Many datasets are reused, not just an elite few 2012-07-17


“I’ve recently collected new data on data reuse.  Using the same methods as our Nature letter-to-the-editor analysis, I’ve looked for reuse of gene expression microarray data in PubMed Central by searching for dataset ID numbers in the full text of studies.  Studies that mention a dataset accession number but share author last names with those who deposited the dataset are excluded. The new results look at datasets deposited into the Gene Expression Omnibus (GEO) repository between 2001 and 2009. The figure below has one panel for every year: the panel reflects datasets deposited into GEO that year.   The line shows the cumulative probability of the number of reuses we observed.  As you can see in the first panel, almost every dataset deposited in 2001 has been mentioned in a PMC paper at least once, and most many times… the line quickly veers right: the probability of a 2001 dataset being reused only once or twice by 2010 is very small.  In 2009, in contrast, the line goes mostly straight up… 90% of the datasets deposited in GEO in 2009 had 0 reuses observed by our conservative method: the probability that a 2009 dataset has only 0 observed reuses by 2010 is very high!
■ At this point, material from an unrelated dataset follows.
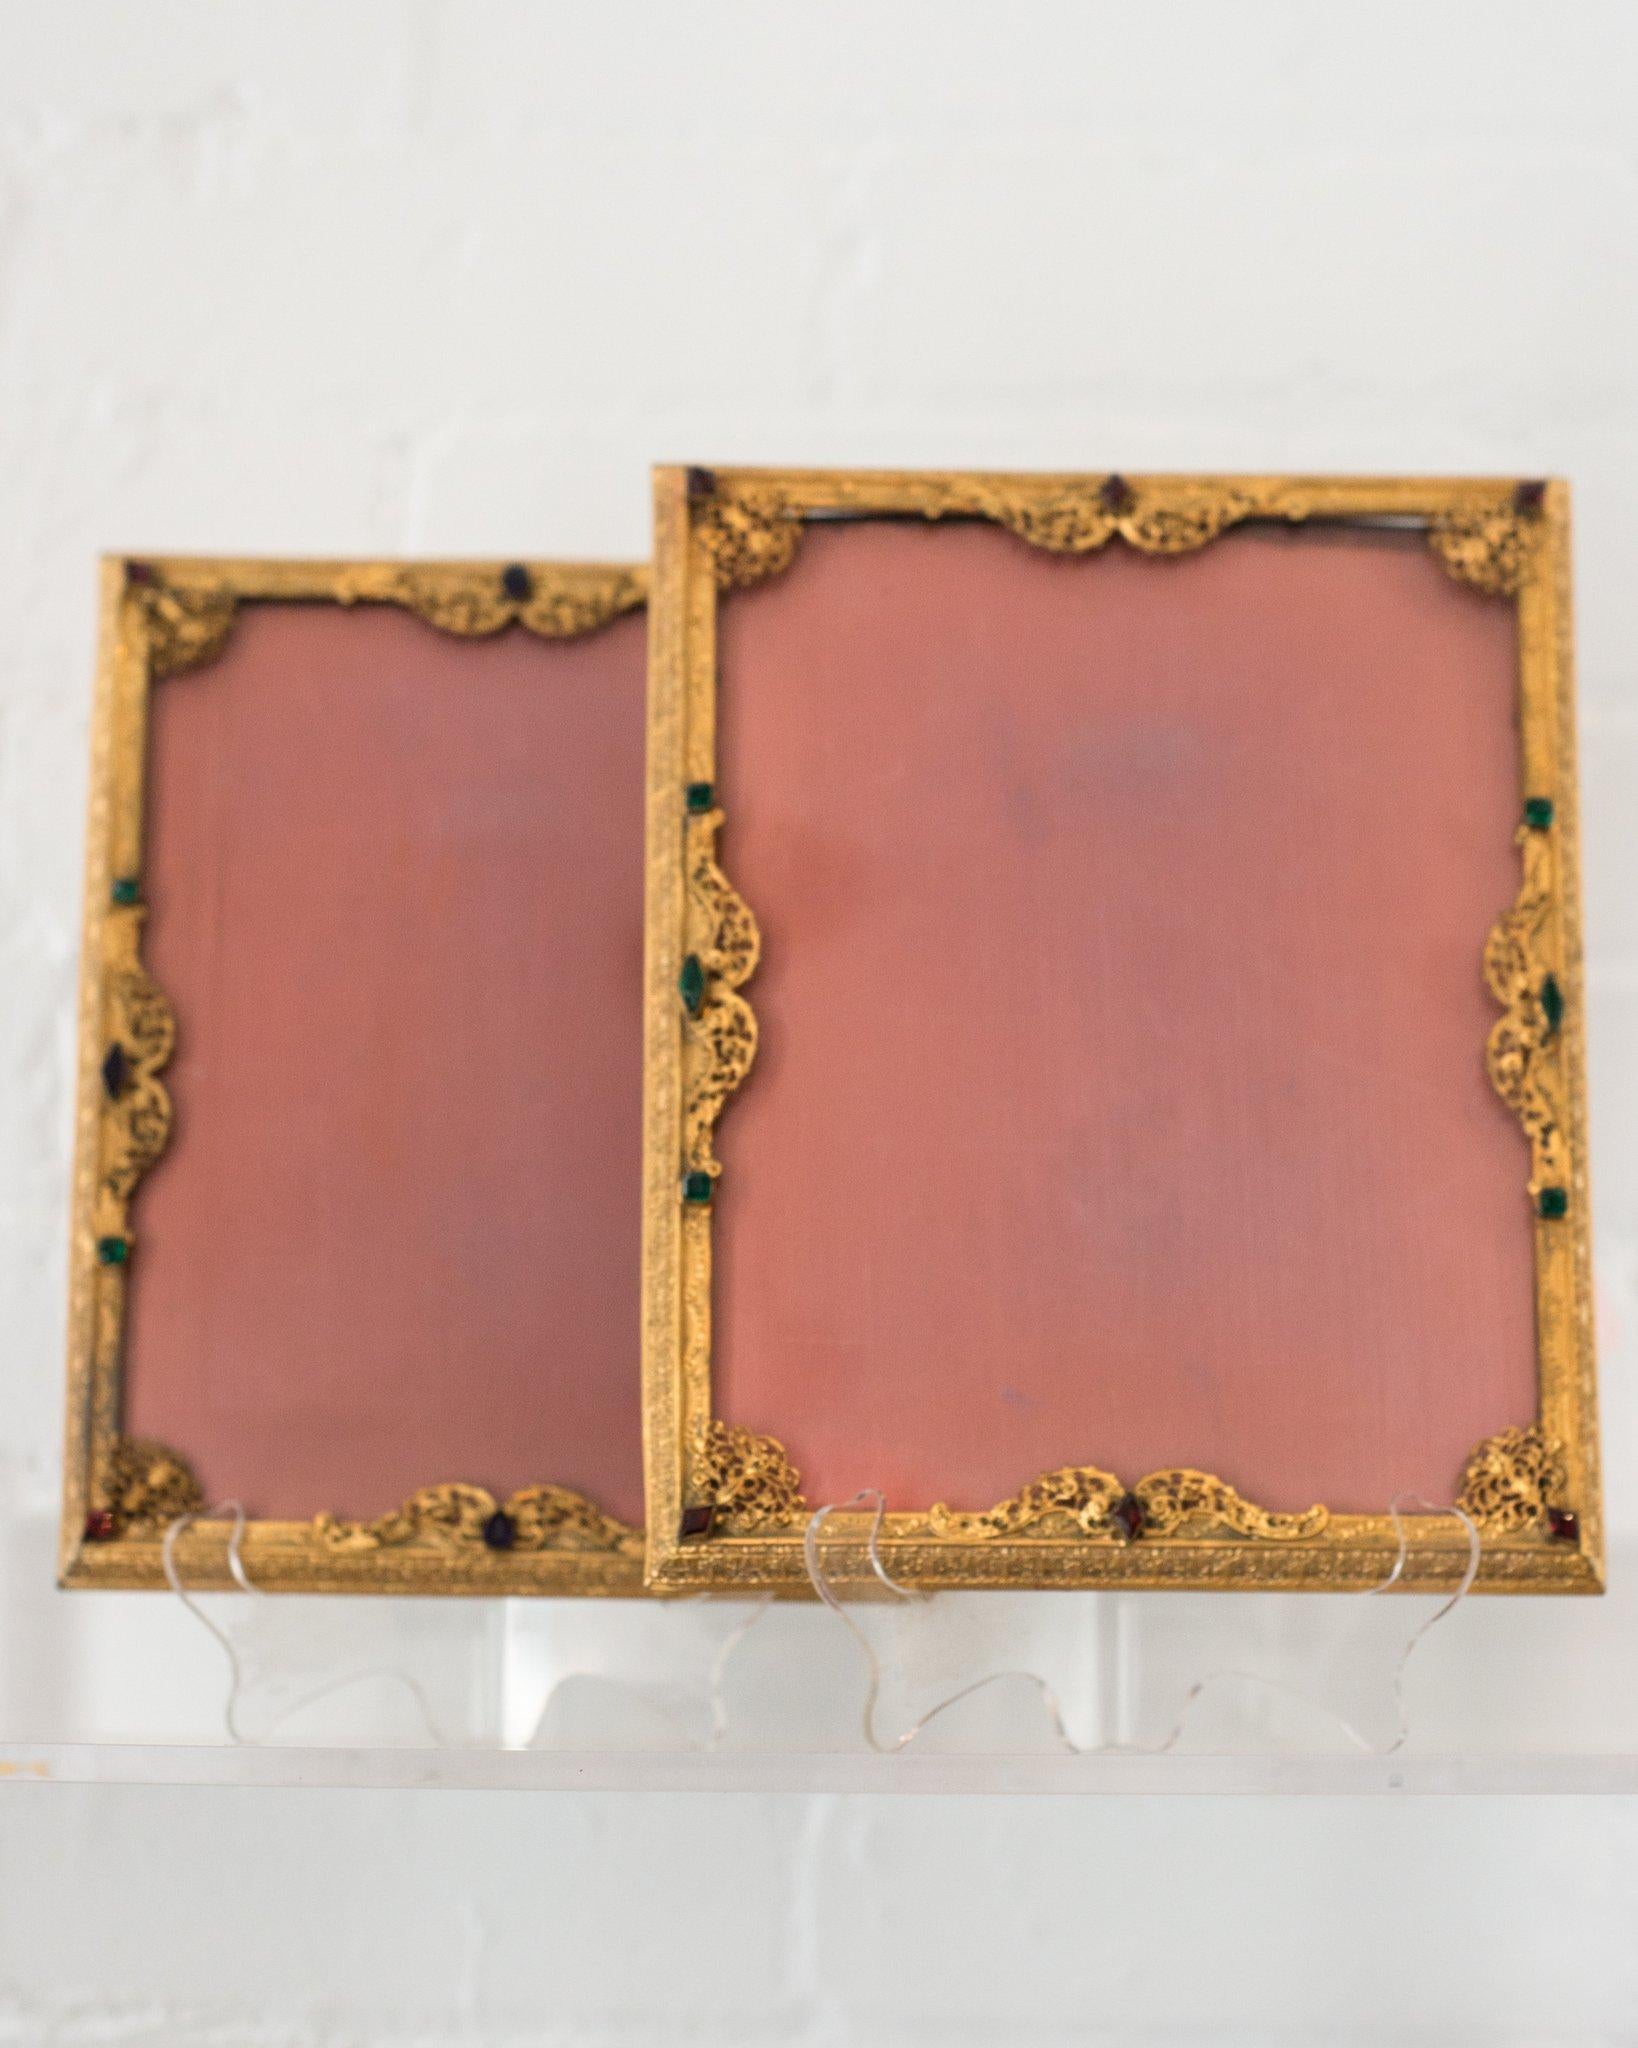 A pair of French antique gold picture frames with filigree work and jewels backed in pink silk. This frame is as precious as the memory you may fill it with. Fits a 7

Results for the middle years are particularly important, since by then GEO had a lots of datasets, and between then and now there has been enough time for reuse to accumulate.  We observed reuse of more than 20% of the datasets deposited in 2003 and 17% of datasets deposited in 2007. Note: the method used to detect reuse here is VERY CONSERVATIVE so these are minimum estimates.  It only finds reuses by papers that are in PubMed Central, and only those that are attributed by mentioning the accession number (it misses those attributed by citation to the article, for example).  Nonetheless, it does serve as a lower bound.”